Caine's Journal, March 3rd, 2485.
It's funny the things people would give up if it meant getting what they have always wanted in return. Some people spend their entire lifetimes building something up, creating a legacy, but if it came to it, they would surrender everything for that seemingly unattainable dream.
I suppose I am no different when it comes to that. I have found my third and final Mentor, in the most unlikely of places, in the most unlikely of companies too. I believe I have the final piece of this puzzle and now, all I need to know is work my mind so all the pieces fit. A lot has happened in these past few days, and most of it has given me great insight.
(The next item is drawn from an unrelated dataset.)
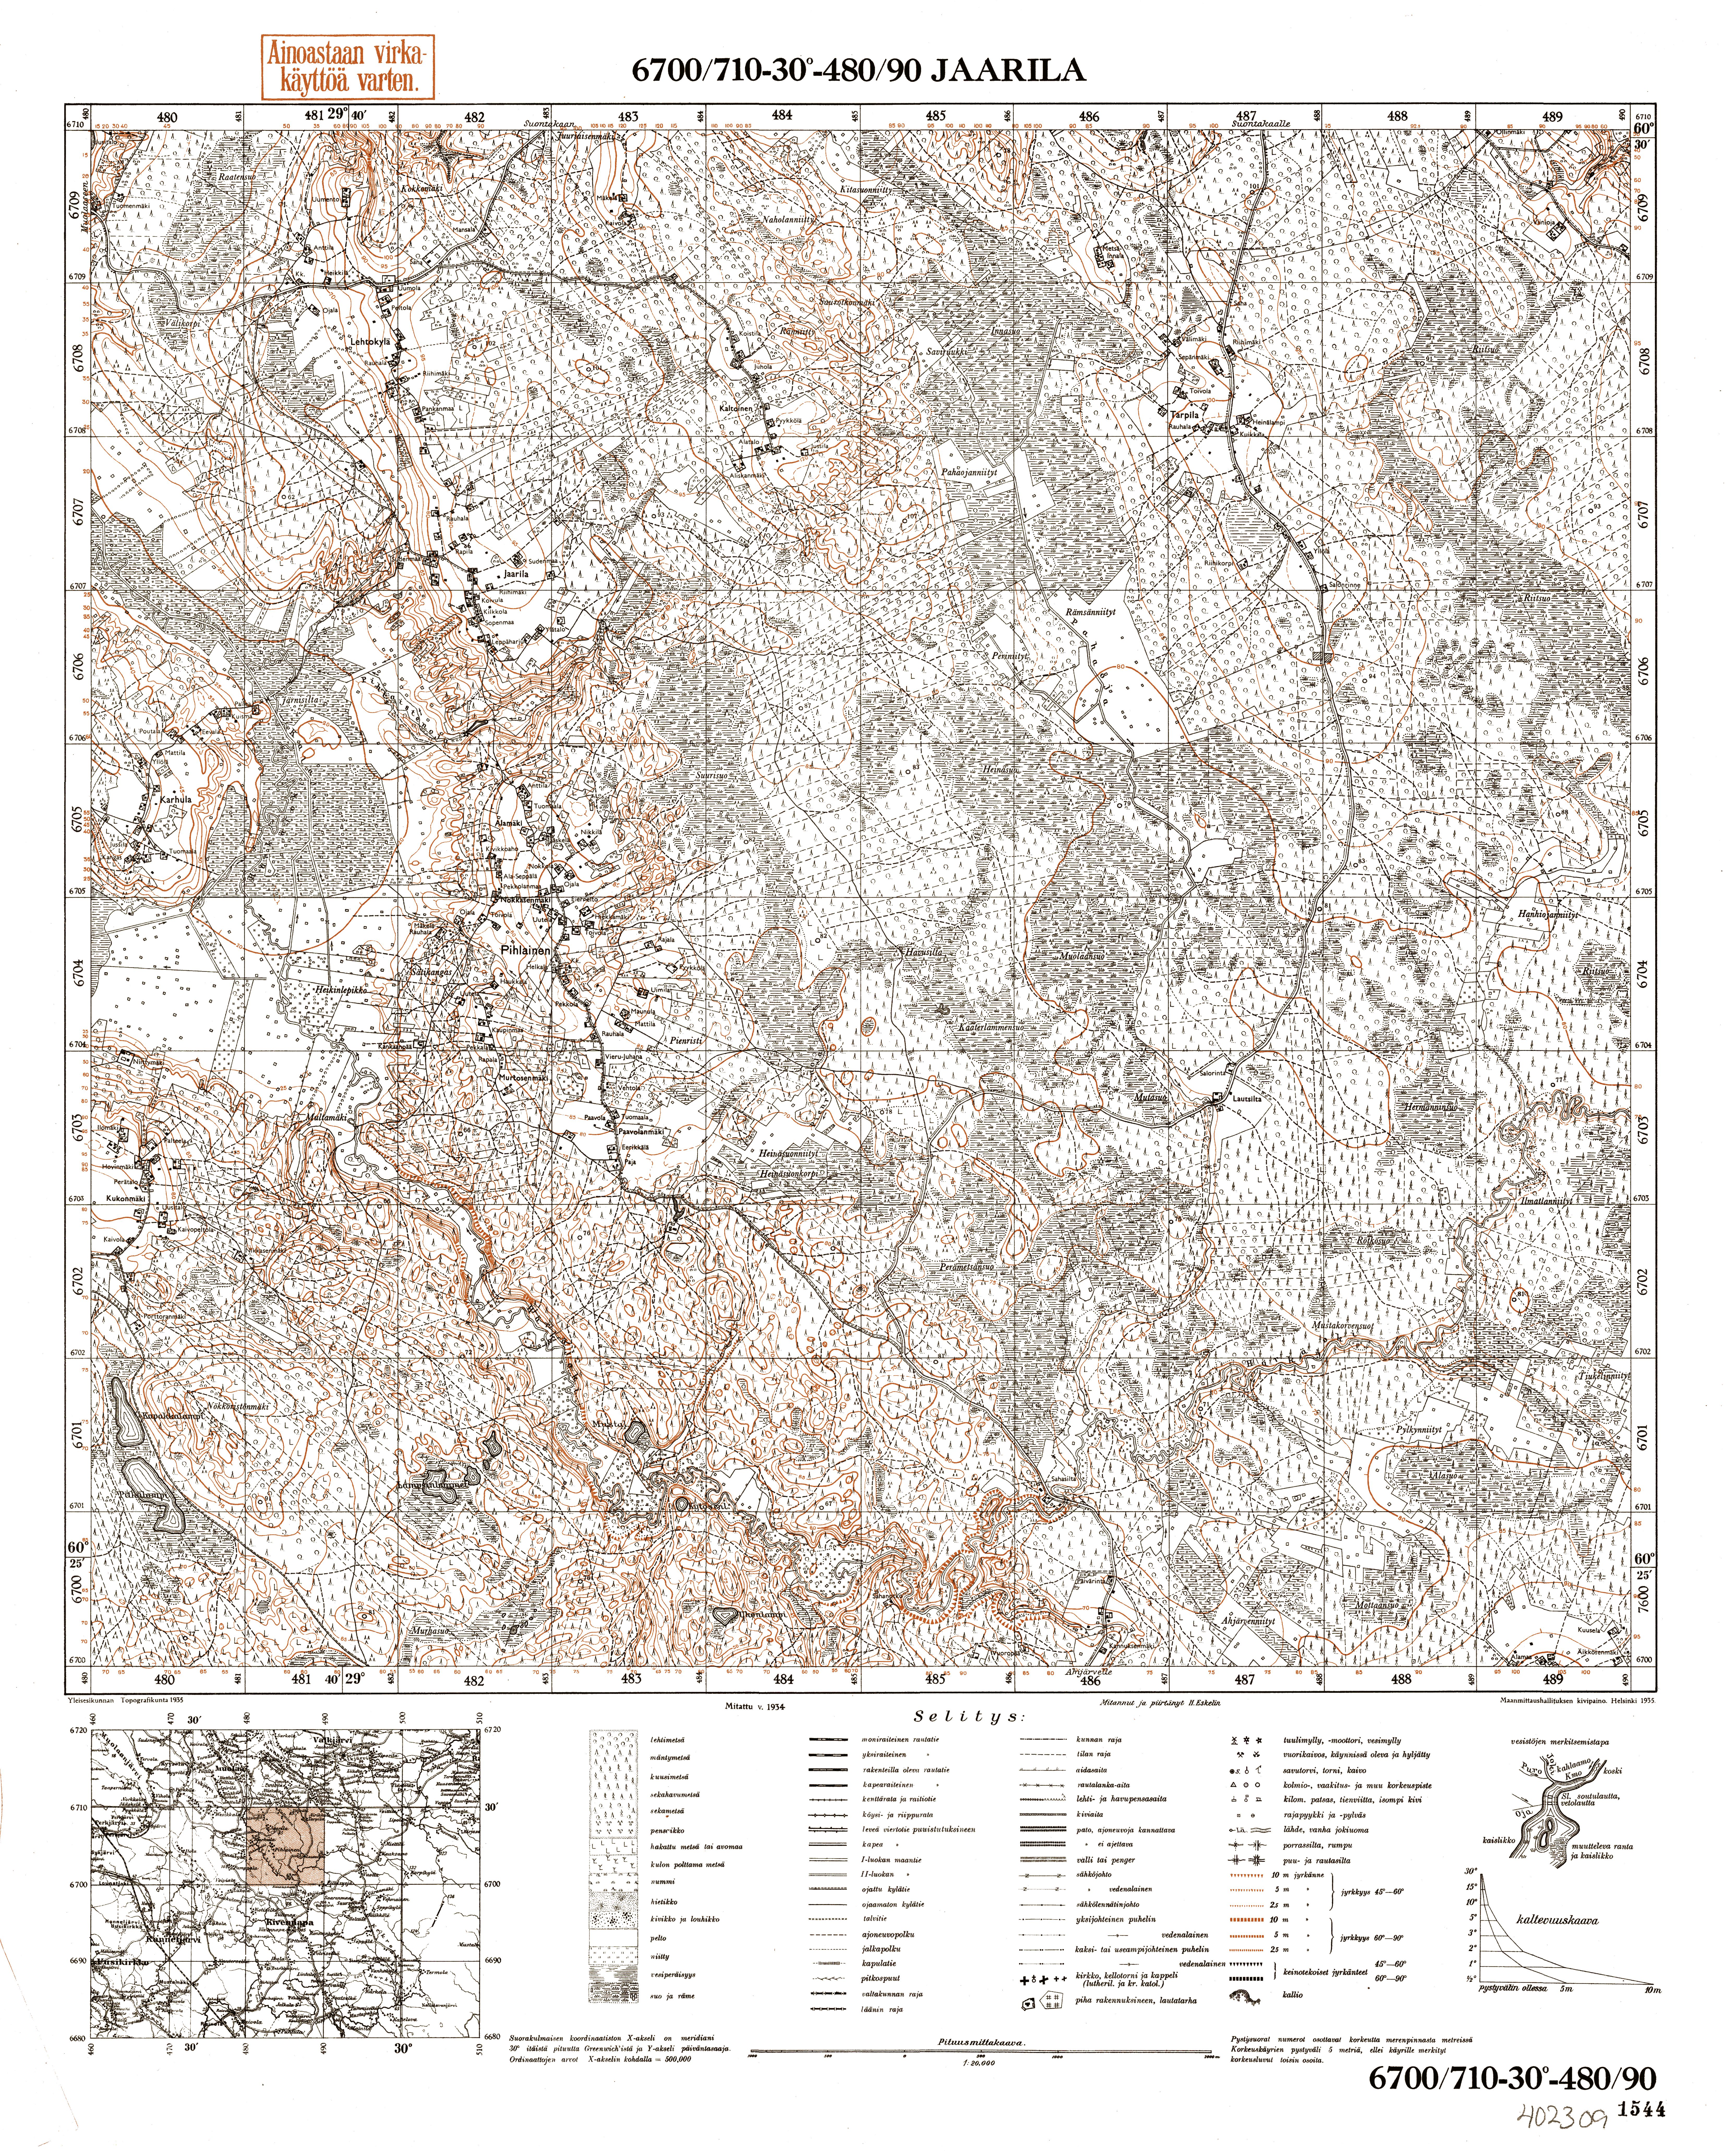 Kljutši Village Site. Jaarila. Topografikartta 402309. Topographic map from 1940. Use the zooming tool to explore in higher level of detail. Obtain as a quality print or high resolution image

First things first, after my out-of-the-ordinary service the other night, someone else approached me with a request, a motorcycle, the OS seems a bit outdated, with everything I've learned I know I can work wonders, I know I can modify this to the client's specifications and even more. In retrospect, I shouldn't even call them clients, I'm not charging, I'm not a citizen for the time being, but I will let this build my reputation up. The specifications I was given match that of a racer, I don't ask questions about it, it's not my place, so I will simply focus on the specs. It takes me a couple of days to work through everything. I had previously updated both mine and Xia's bikes, since we don't have any problems with reaching high places, I re-routed the energy distributor for on-land operations, by doing it so, I was able to obtain sharper turns and more effective braking. My original model for the modification was stored, and I could use it as a basis to what was asked of me. I obtained a couple of plans of the city's streets and highway so I know on a conscious level just what I'm working with here. After the 48 hours or work, the client showed up and ran a test, they seem pleased and request a last minute change, a Biometric reader for operation, meaning only they can operate or take the bike, it's not something that would take me long, considering that most of the OS was rebuilt by me. After I'm done, we decide to go all the way to North via Highway and back, the client is pleased and takes off.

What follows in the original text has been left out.